So I thought I’d point out a few of the best ones here, possibly sending some of you on a journey of discovery. But beware; once you go in you many not come out. I’ve got several dozen Spanish and South American prog albums on my hard drive.
Note that having already put together specific lists on the mighty French and Italian scenes, I have left those countries off this list. I should also note, in case you are a patriotic prog citizen of any of the below countries, I know full well that each of those scenes could justify its own top 10 — I ain’t implying any scene was better than any other. The Spanish scene alone was incredibly deep. It just leaves me with more material for future lists, don’t it?

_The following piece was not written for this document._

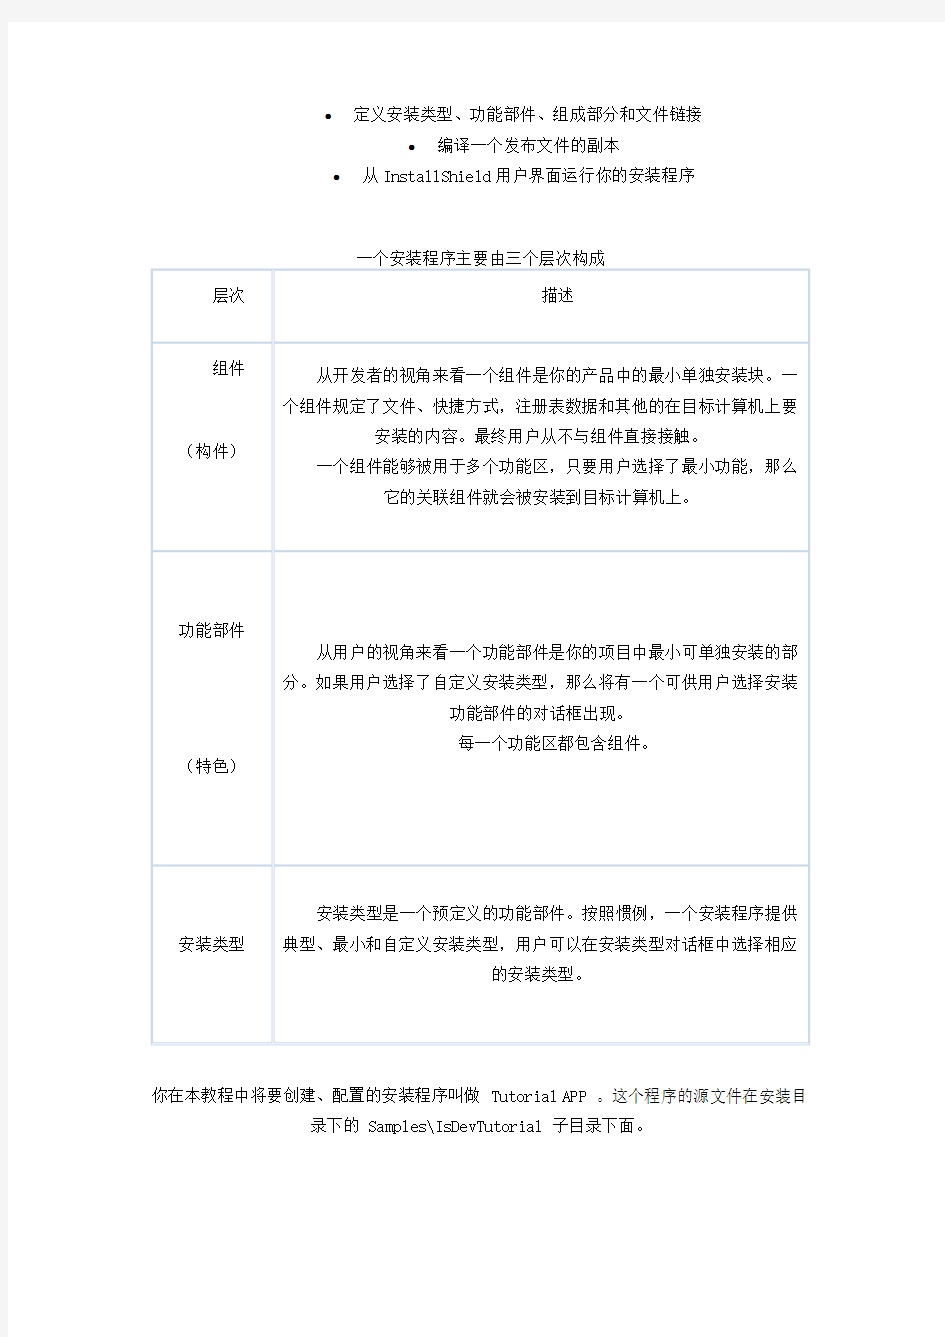 Installshield+中文系列教程
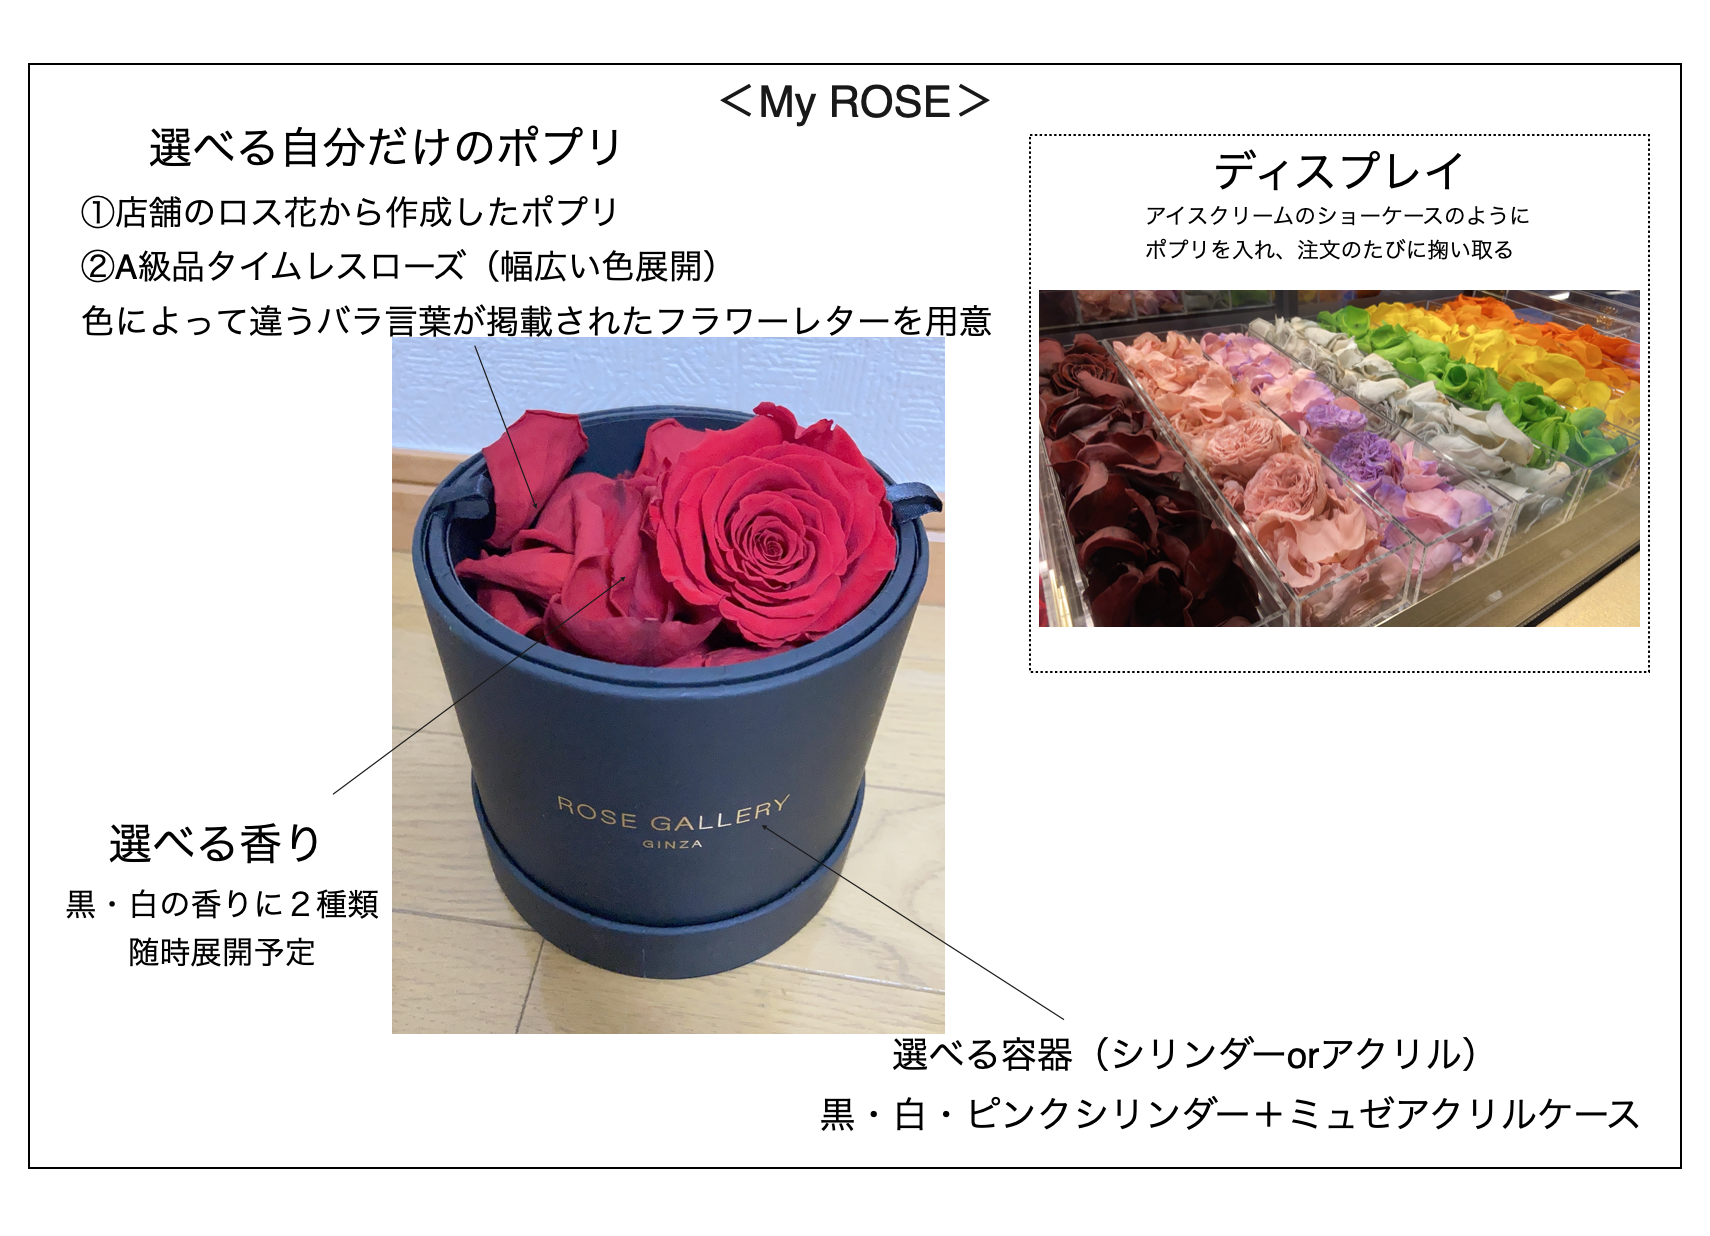 廃棄されてしまうバラを再活用 目の前でバラが生まれ変わる新コンセプトショップ Re Rose が6月24日オープン Newscast

The only English-language album on this list, it’s a real symphonic gem from the mid-70s. Ragnarok was New Zealand’s premier prog group (I’m saving Split Enz’s bizarre debut for another article), and this record stands up with the best of the genre. It reminds me a lot of Australia’s Sebastian Hardie in its lush textures and excellent guitar playing, but in fact this is much better. The vocals are good but unobtrusive and perhaps a little lacking in excitement, but I’ll take on-key over exciting any day. The band had two keyboard players who were allowed to stretch out on a number of beautiful, pastoral ballads with an array of classic synth sounds. There’s even a brief section of boogie-rock à la Status Quo, which oddly doesn’t feel out of place. The Moody Blues-esque acid-folkery, including some sweet ensemble backing vocals, of “The Volsung” is probably the highlight, though the hypnotic space-rock groove of “Fourteenth Knock”, which gives Gong a run for its money, is a close second. Overall, it’s hard to pinpoint why this album is so appealing, but it is undoubtedly a very melodic, peaceful and engaging listening experience. I love this album and insist that you listen to it.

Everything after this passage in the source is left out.